Requirement
Below this line is a set of entries; quote exactly the lines from the line that contains "KICM Spanish Green Roll Packaging Angled.jpg" to the line that contains "by ROA in NYC", both lines included.
......
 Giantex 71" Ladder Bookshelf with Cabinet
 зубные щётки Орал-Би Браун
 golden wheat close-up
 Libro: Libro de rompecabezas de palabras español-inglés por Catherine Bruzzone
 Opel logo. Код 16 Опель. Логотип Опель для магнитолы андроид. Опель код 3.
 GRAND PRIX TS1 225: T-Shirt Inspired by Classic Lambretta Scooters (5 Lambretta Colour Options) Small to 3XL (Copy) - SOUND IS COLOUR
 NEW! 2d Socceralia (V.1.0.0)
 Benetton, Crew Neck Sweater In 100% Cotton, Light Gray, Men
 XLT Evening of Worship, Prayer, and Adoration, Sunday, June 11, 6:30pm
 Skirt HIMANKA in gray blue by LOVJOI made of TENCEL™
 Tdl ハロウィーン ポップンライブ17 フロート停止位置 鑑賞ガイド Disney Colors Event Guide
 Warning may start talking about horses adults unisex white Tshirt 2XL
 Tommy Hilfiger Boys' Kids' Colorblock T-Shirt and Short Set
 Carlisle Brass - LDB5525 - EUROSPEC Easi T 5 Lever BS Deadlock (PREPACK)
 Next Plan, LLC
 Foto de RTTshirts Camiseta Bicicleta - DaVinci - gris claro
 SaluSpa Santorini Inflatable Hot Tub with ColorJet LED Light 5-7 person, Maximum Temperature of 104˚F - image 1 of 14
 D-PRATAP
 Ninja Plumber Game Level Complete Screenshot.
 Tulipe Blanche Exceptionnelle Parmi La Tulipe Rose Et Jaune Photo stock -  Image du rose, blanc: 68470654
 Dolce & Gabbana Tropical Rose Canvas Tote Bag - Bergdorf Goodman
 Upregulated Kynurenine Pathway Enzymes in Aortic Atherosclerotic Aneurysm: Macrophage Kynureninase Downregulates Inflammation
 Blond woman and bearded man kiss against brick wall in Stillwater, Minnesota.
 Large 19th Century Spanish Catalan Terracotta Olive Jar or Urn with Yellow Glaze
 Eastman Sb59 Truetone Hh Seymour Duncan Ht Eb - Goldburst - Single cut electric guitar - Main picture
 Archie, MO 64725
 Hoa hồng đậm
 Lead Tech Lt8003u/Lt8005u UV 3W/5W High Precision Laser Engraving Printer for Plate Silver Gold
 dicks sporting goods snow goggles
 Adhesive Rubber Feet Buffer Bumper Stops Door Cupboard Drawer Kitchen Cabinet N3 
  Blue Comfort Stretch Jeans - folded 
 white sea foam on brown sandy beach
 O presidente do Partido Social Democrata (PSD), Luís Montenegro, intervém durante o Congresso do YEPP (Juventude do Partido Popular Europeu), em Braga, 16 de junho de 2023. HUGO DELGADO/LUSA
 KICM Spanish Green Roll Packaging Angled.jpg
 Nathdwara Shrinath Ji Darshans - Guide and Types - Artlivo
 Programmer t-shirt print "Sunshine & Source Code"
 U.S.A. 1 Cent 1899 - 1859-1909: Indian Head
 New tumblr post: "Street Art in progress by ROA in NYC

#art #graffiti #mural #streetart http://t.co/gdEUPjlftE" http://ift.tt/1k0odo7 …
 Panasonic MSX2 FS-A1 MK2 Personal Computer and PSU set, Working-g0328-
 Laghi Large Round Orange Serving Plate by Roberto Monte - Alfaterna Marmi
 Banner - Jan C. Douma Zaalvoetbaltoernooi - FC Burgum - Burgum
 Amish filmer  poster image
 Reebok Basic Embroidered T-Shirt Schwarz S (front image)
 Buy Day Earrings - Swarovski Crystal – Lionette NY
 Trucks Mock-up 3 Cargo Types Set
......
Solution to the problem
 KICM Spanish Green Roll Packaging Angled.jpg
 Nathdwara Shrinath Ji Darshans - Guide and Types - Artlivo
 Programmer t-shirt print "Sunshine & Source Code"
 U.S.A. 1 Cent 1899 - 1859-1909: Indian Head
 New tumblr post: "Street Art in progress by ROA in NYC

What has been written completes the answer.